Let’s cheat a bit, I obtained the following R code from OpenAI’s GPT4o with a prompt “Write R code to come up with this image.” for the same image,
# Sample Data
set.seed(123)
weights <- rnorm(1000, mean = 50, sd = 15)
# Histogram Plot
hist(weights,
breaks = 10,
col = "cornsilk",
border = "black",
main = "Histogram of Weight (kg)",
xlab = "Weight (kg)",
ylab = "Frequency",
xlim = c(0, 100),
ylim = c(0, 250),
las = 1,
cex.main = 1.5,
cex.lab = 1.2,
cex.axis = 1)
which looks closely similar to the provided plot, although it did not use ggplot21. This seems to be the limitation of the local LLMs that we have tried so far.
4.6 R Coding from Image – Two-step Approach
Instead of relying on only one VLM, what if we combine a VLM with another LLM that is good at coding?
Let’s try our idea. We start by asking llama3.2-vision to describe the image in detail,
query("Provide a clear and detailed description of the image to accurately recreate it as a chart.

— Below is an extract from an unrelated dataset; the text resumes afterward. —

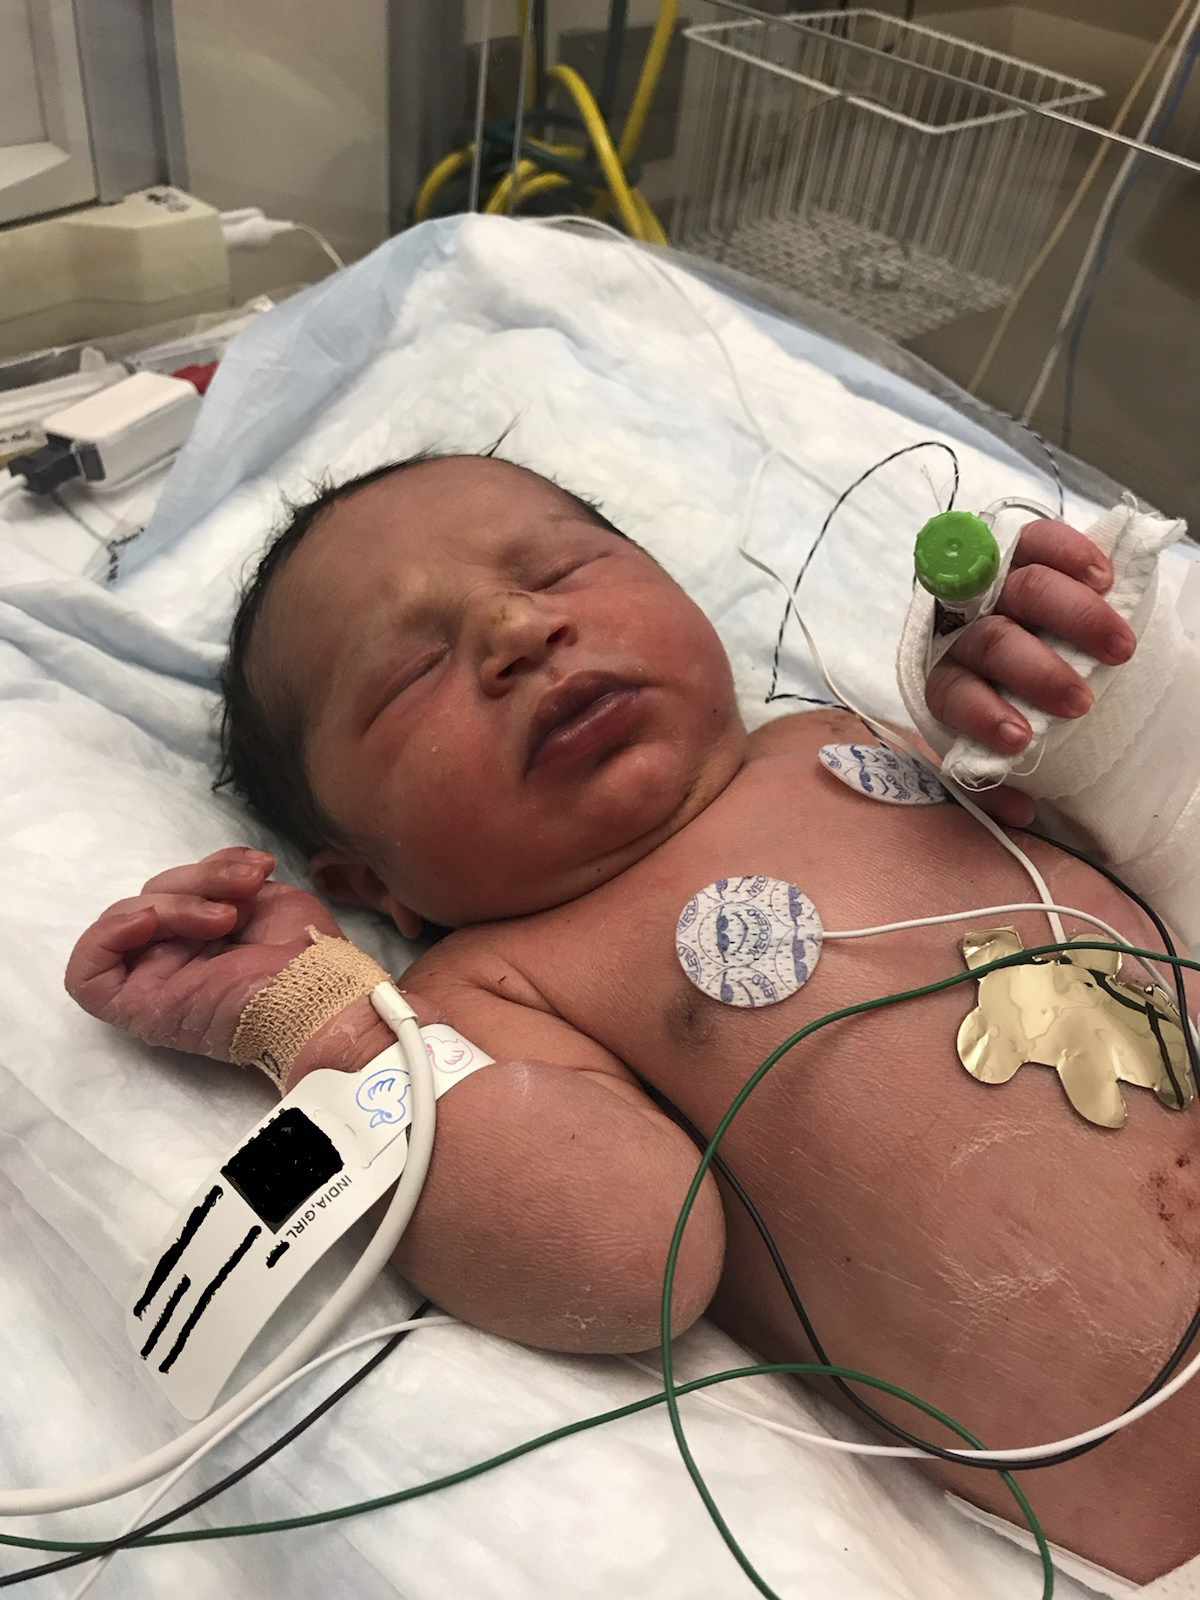 Newborn Found Alive Woods_1559939012299

Include the type of plot, data points, axis labels, scale, colours, and any other relevant details needed for precise reproduction."
, "llama3.2-vision", images = "img/histogram.png",
output = "text", screen = FALSE,
model_params = list(seed = 111)
) -> temp1a
cat(temp1a)Based on the provided description, here is a structured drawing of the histogram:
**Title:** Histogram of Weight (kg)
**Type:** Vertical Bar Plot
**X-axis:**
* **Major Ticks:** 0, 25, 50, 75, 100
* **Minor Ticks:** Not explicitly mentioned, but implied as increments of 5 or 10 between major ticks
* **Label:** Weight (kg)
**Y-axis:**
* **Major Ticks:** 0, 100, 200
* **Minor Ticks:** Not explicitly mentioned, but implied as increments of 20 between major ticks
* **Label:** Frequency
**Bars:**
* **Color:** Khaki (a shade of brown)
* **Bar 1:** Weight 25 kg, Height approximately 40 units
* **Bar 2:** Weight 50 kg, Height approximately 240 units
* **Bar 3:** Weight 75 kg, Height approximately 120 units
* **Bar 4:** Weight 100 kg, Height approximately 0 units
**Observations:**
* The histogram shows a skewed distribution with most weights concentrated around 50 kg.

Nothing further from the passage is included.